Hall of Fame Spotlight Jan. 30

Because he was accomplished across so many spectrums, it is difficult to define Ray Crowe by a single achievement — or achievements.

Was it his standout basketball, baseball and track careers at Whiteland High School and Indiana Central College?

Or was it his founding of varsity athletics at Crispus Attucks High School? Or his 11 years as the school’s athletics director?

Or was it his 4½ terms in the Indiana House of Representatives? Or his stint as the director of Indianapolis Parks and Recreation?

Or was it his historic seven-year run as coach of the Attucks basketball team in the 1950s?

Nearly any one of the above would justify Crowe’s 1968 induction into the Indiana Basketball Hall of Fame. But his unrivaled coaching career at Attucks cemented the 1934 Whiteland High School graduate’s fame nationally as well as statewide. There he:

Led Attucks, a segregated school at the time in downtown Indianapolis, to the 1955 boys basketball state championship. The accomplishment was unprecedented on two fronts: Attucks was the first all-black school in the United States to win a state championship, and it was the first Indianapolis school, period, to win the state basketball title.

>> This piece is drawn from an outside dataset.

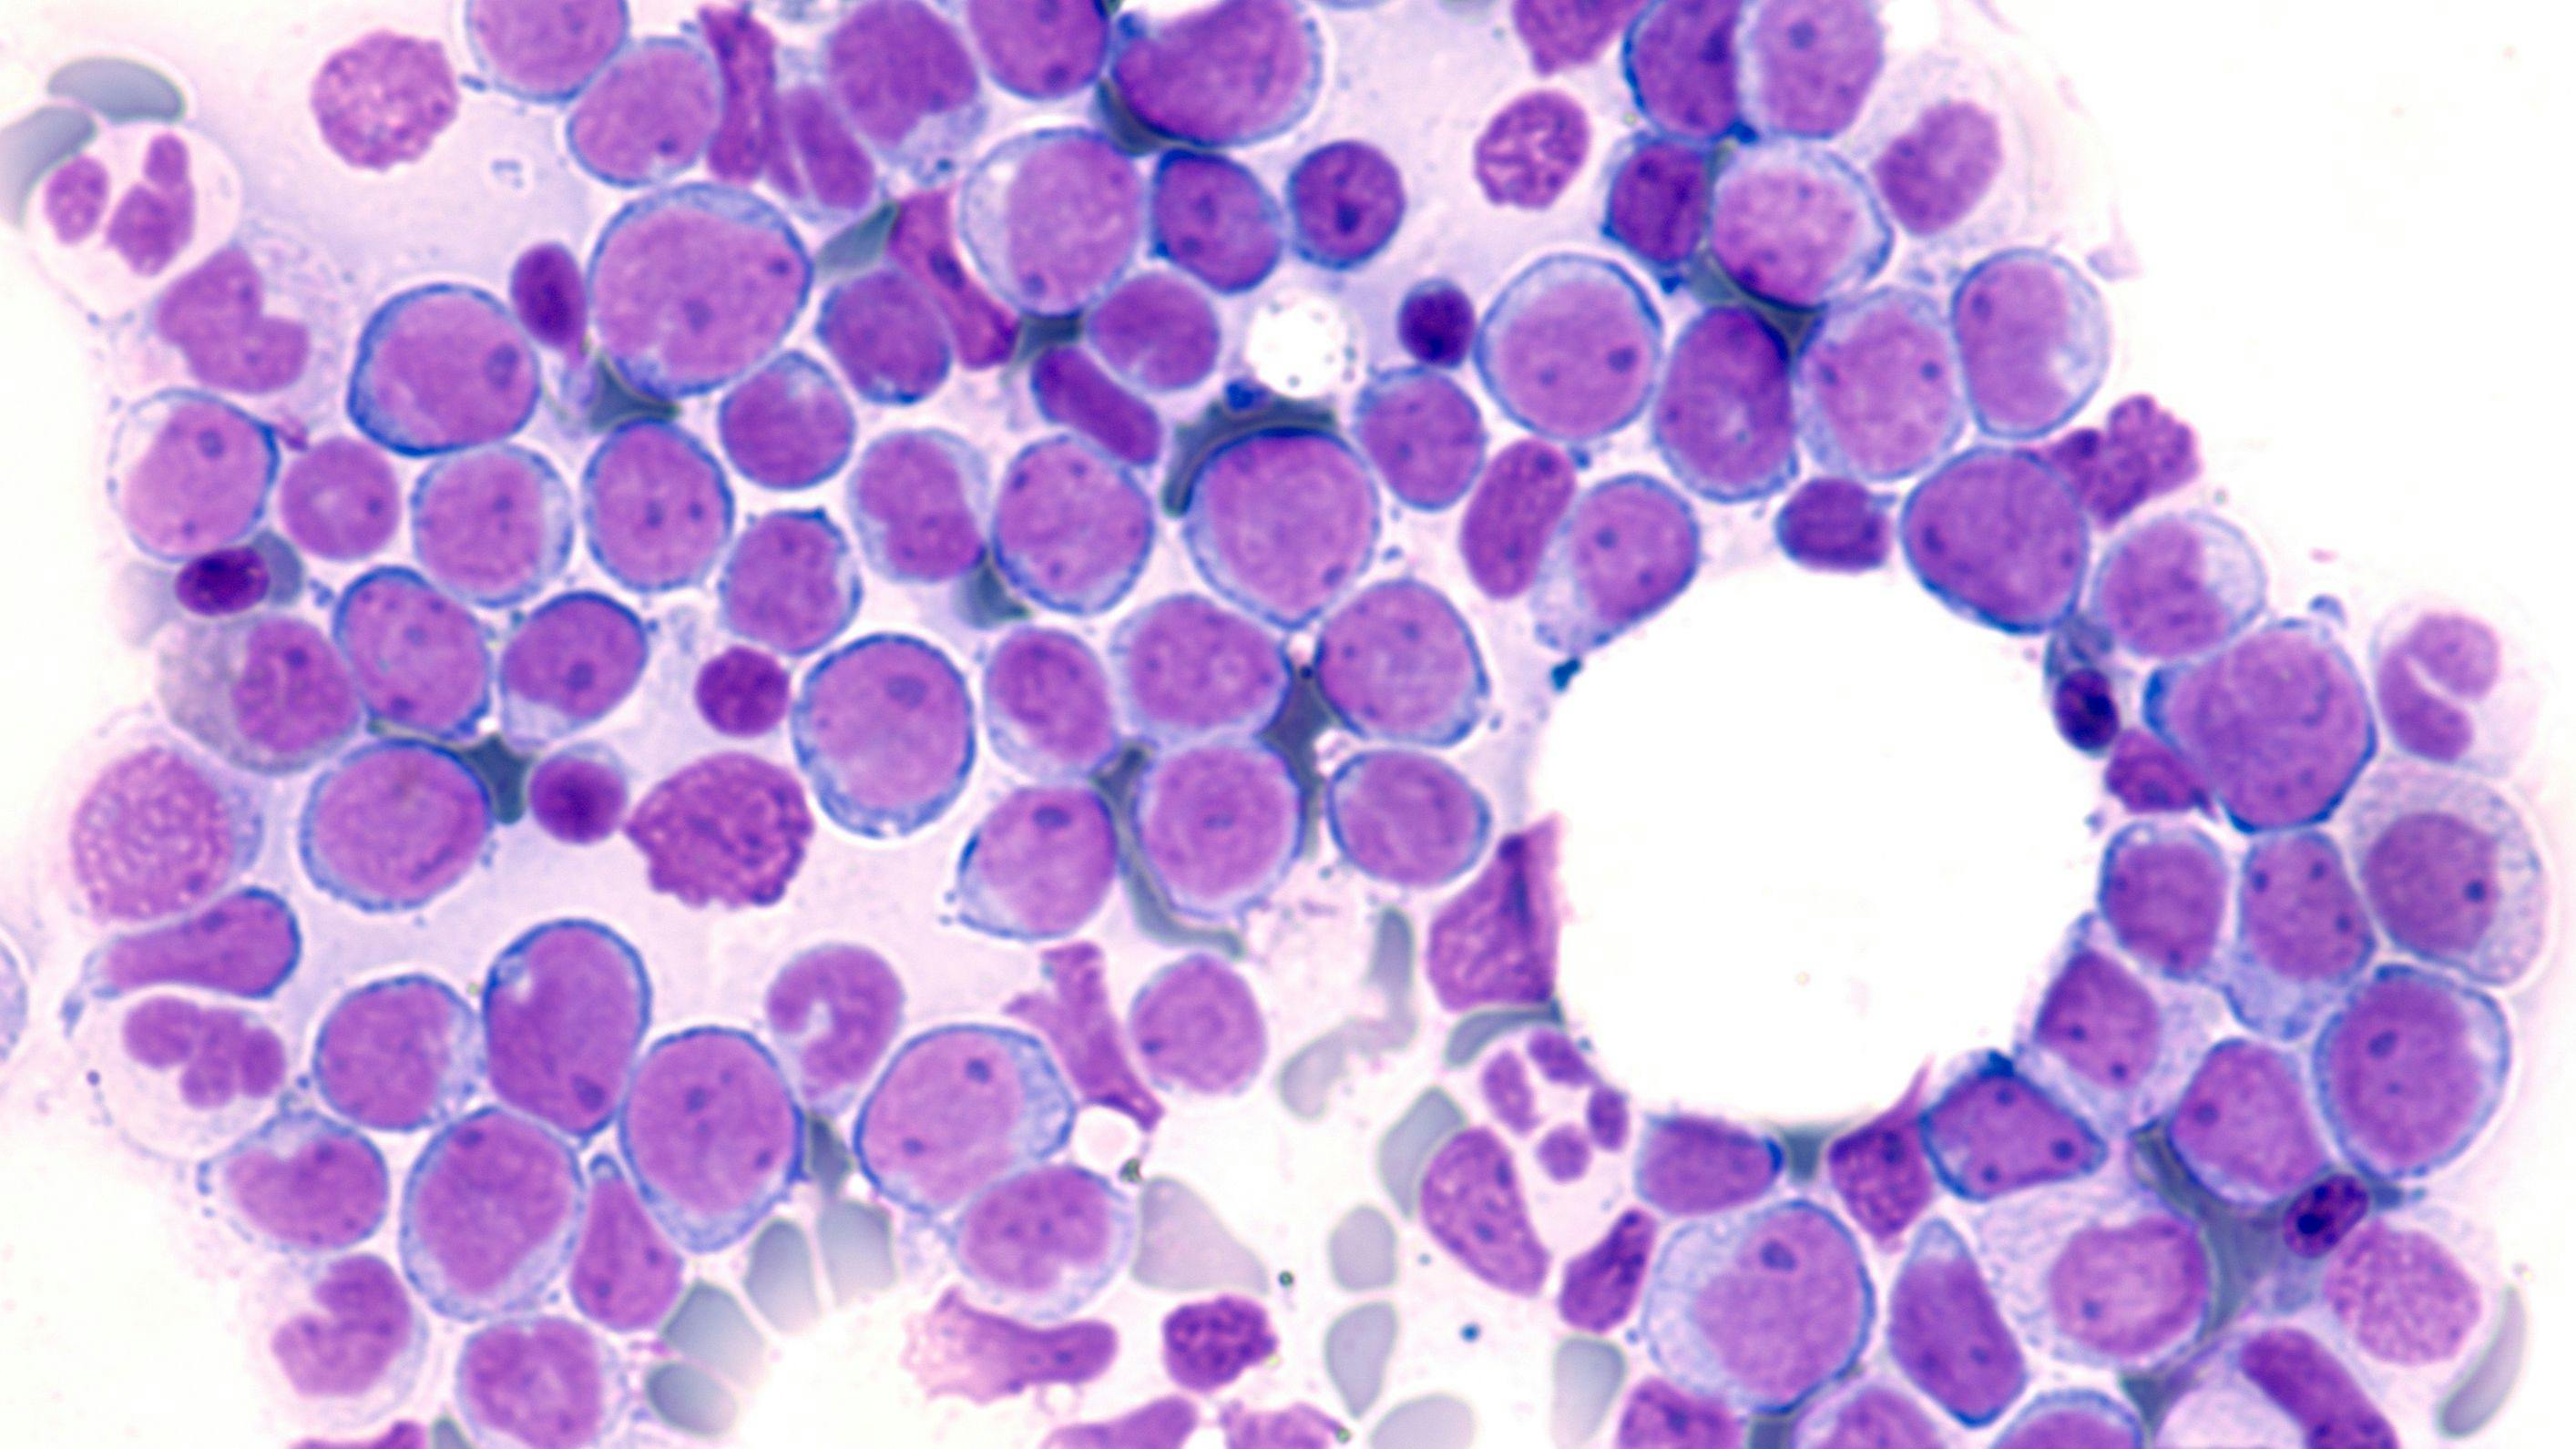 Leukemia Awareness: Photomicrograph of bone marrow aspirate showing myeloblasts of acute myeloid leukemia (AML), a cancer of white blood cells. | Image Credit: © David A Litman [stock.adobe.com]

The next year, Attucks — powered in part by future NBA star Oscar Robertson — became the state’s first undefeated state champion.

He coached the Tigers from 1950 to 1957. They reached the state finals four times, including a runner-up finish in 1957 and a Final Four appearance in 1951.

After leaving Attucks, Crowe — the older brother of the state’s first Mr. Basketball, George Crowe — served in the Indiana General Assembly and, in addition to leading the Indianapolis Department of Parks and Recreation, also worked as the assistant director of the Indiana Department of Public Instruction.

Crowe died on Dec. 20, 2003, at age 88.